Les différences entre les deux films sont nombreuses mais la trame reste identique hormis une fin différente moins réussie et nettement plus morale. L’approche du film également différente fait que ce film permet de revenir sur des faits marquants des Etats-Unis de 1993 à 2013 tel le 11 septembre 2001. C’est malheureusement la réalisation guère inspirée de Spike Lee qui fait que nous préférons de loin le film original. Pourtant, on notera que l’interprétation de Josh Brolin (Joe Doucett) est une nouvelle fois parfaite et que les seconds rôles sont tout autant convaincants tels Samuel L. Jackson (Chaney), Elizabeth Olsen (Marie) et Sharlto Copley (Adrian Pryce).
Josh Brolin se révèle tout aussi à l’aise dans les scènes d’action que dans les scènes dramatiques.
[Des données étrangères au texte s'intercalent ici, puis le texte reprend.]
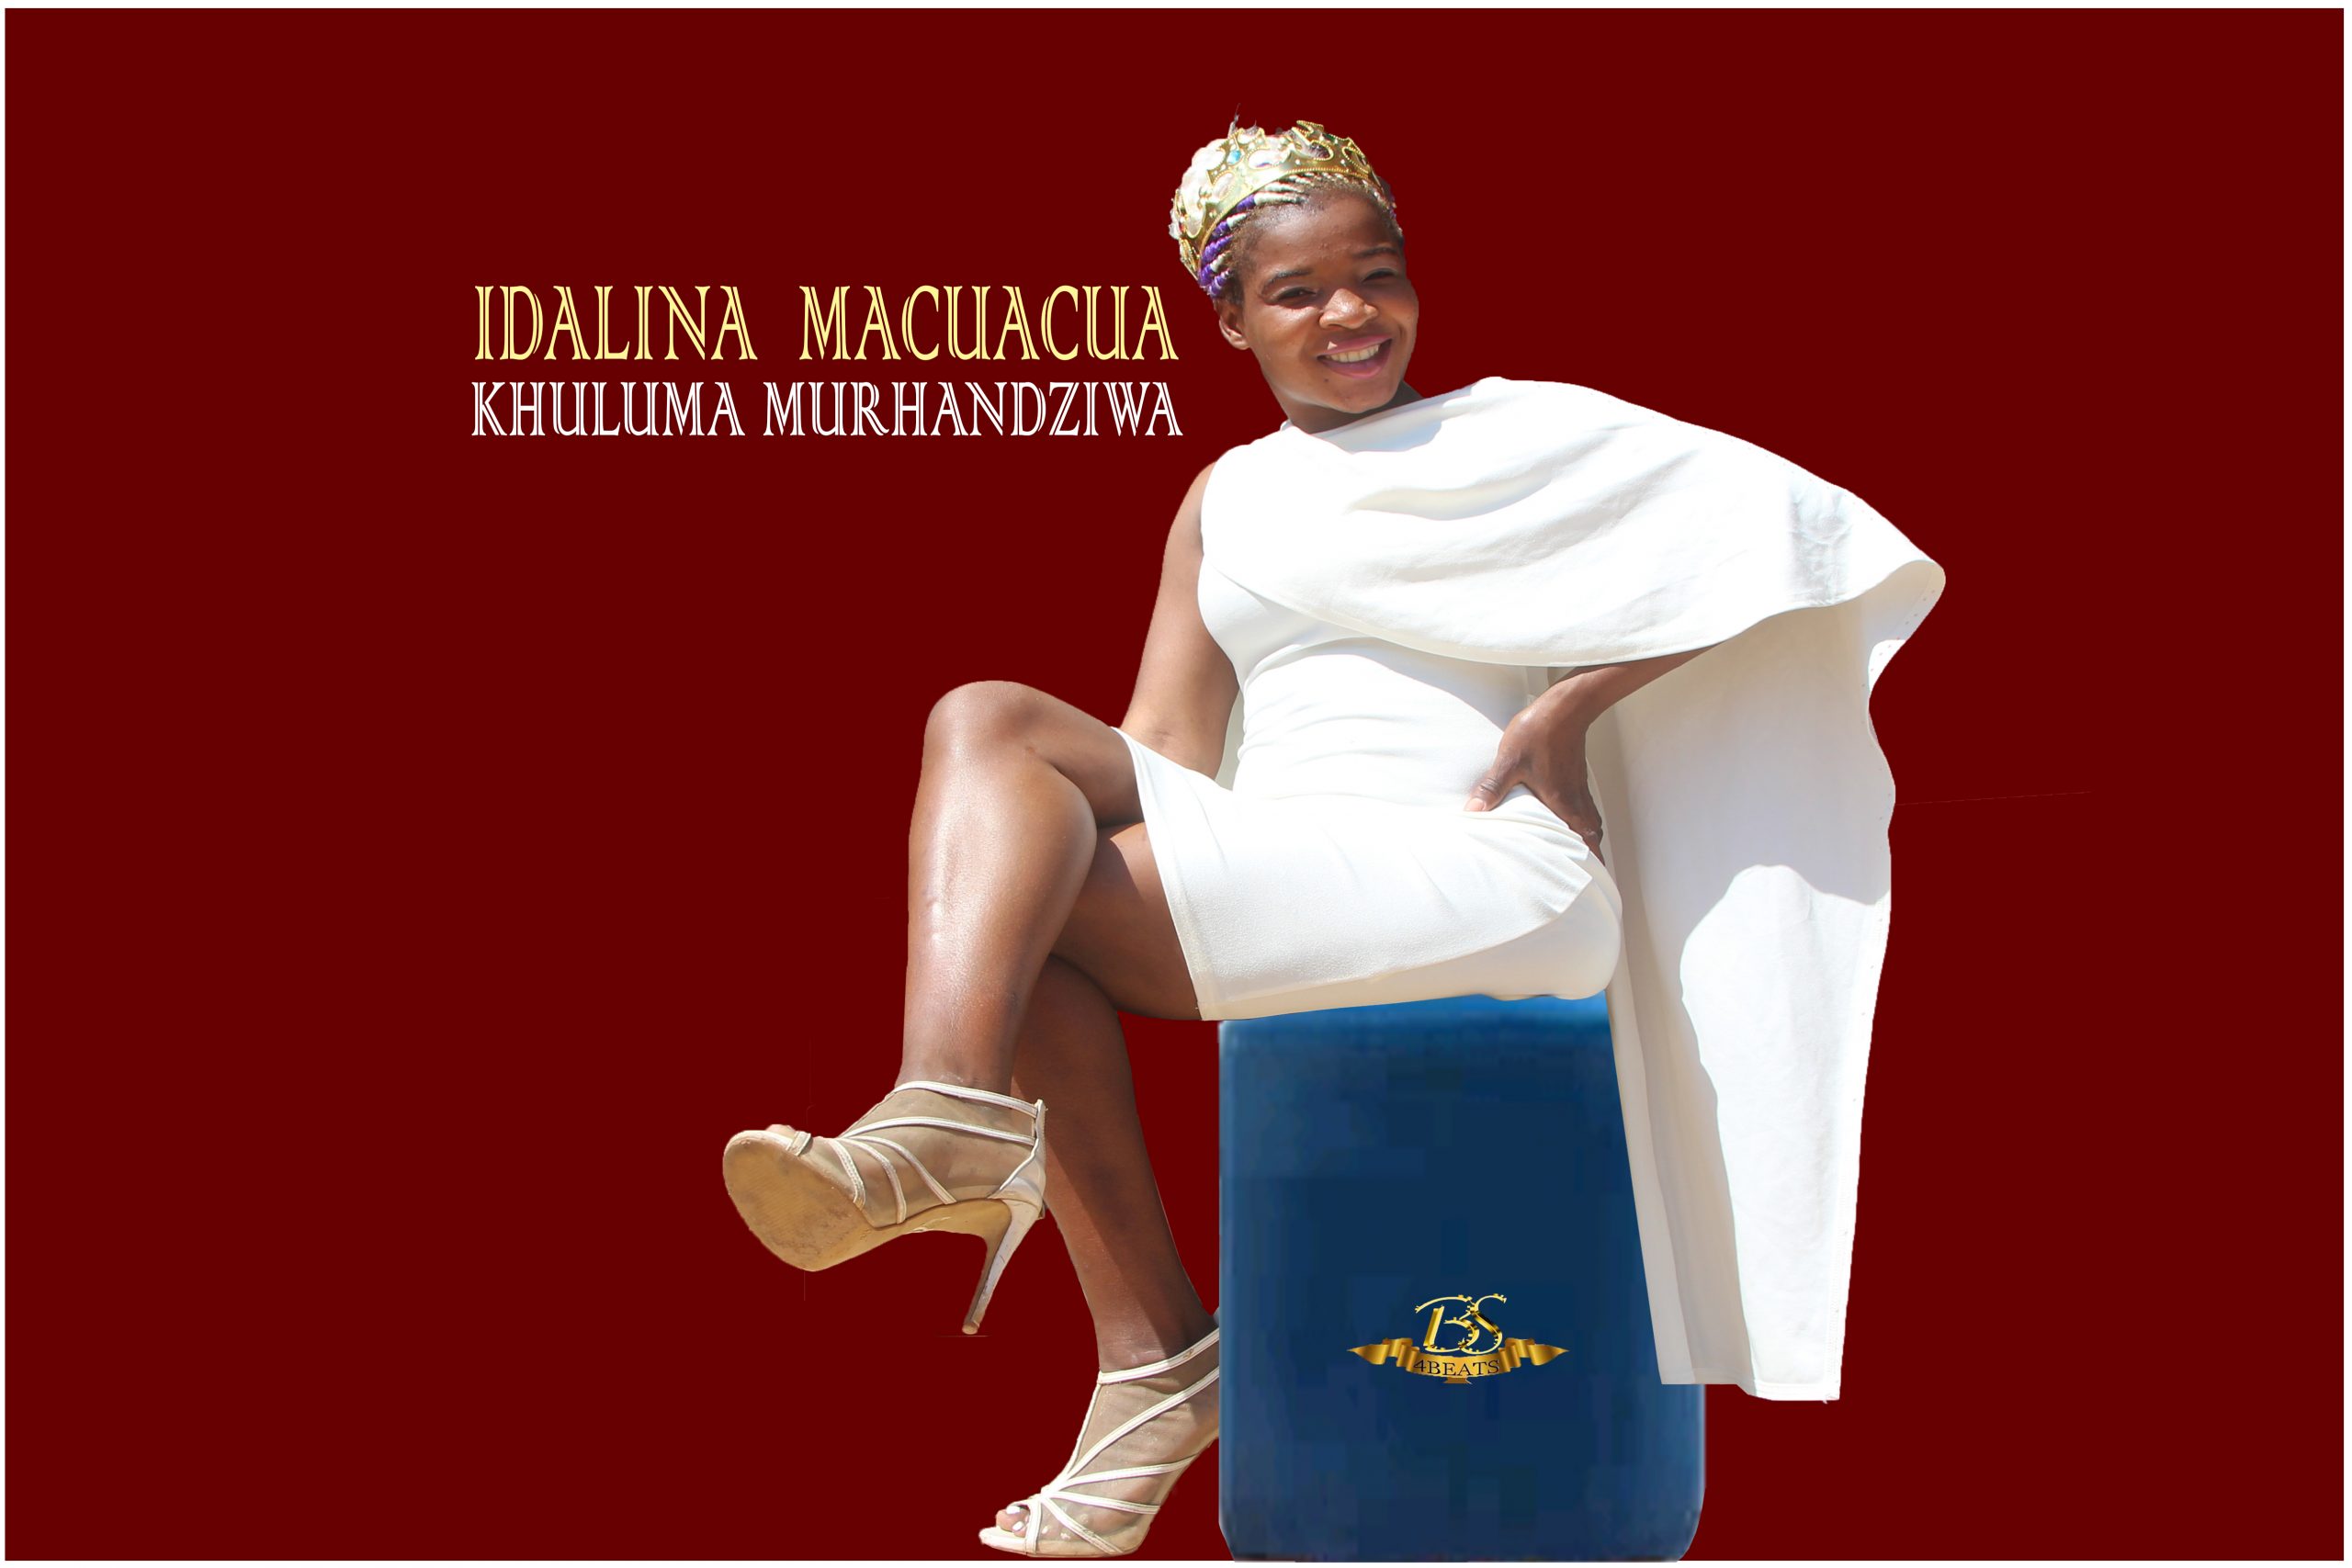 Idalina Macuacua – Khuluma Murandziwa

Il témoigne une nouvelle fois qu’il est bien l’un des meilleurs comédiens actuels. Il est donc loin le temps où il interprétait un jeune adolescent dans le film culte Goonies. En pratiquement trente années de carrière, il a pu témoigner qu’il était un comédien aussi à l’aise dans un thriller, un film fantastique, ou encore un drame poignant. Sa présence dans ce film permet de faire passer un manque de rythme et une réalisation trop fade. On pourrait presque voir dans ce thriller d’un pessimisme rare un épisode long de la série culte de la quatrième dimension. Cet ivrogne séquestré pendant vingt années malgré sa volonté va se transformer en véritable machine à tuer, en une arme fatale qui va commettre l’irréparable malgré lui. C’est cette dimension dramatique parfaitement rendue par le comédien Josh Brolin qui en fait un remake réussi à défaut de surpasser l’original.
Si on ne connaît pas le film original, celui-ci pourrait presque apparaître comme un « revenge movie » d’une efficacité redoutable. Pourtant on aurait réellement apprécié que le scénariste prenne un plus grand recul par rapport au manga et au film de Park Chan-wook car la comparaison entre les deux films révèle que Spike Lee n’est guère à l’aise dans ce film de commande assez lointaine de son œuvre. Un bon thriller nécessite un réalisateur suffisamment en accord avec ce genre pour laisser son empreinte. A ce titre, on se doute que si le film était resté entre les mains de Steven Spielberg nous aurions obtenu tout simplement un grand film d’auteur et d’un lyrisme rare.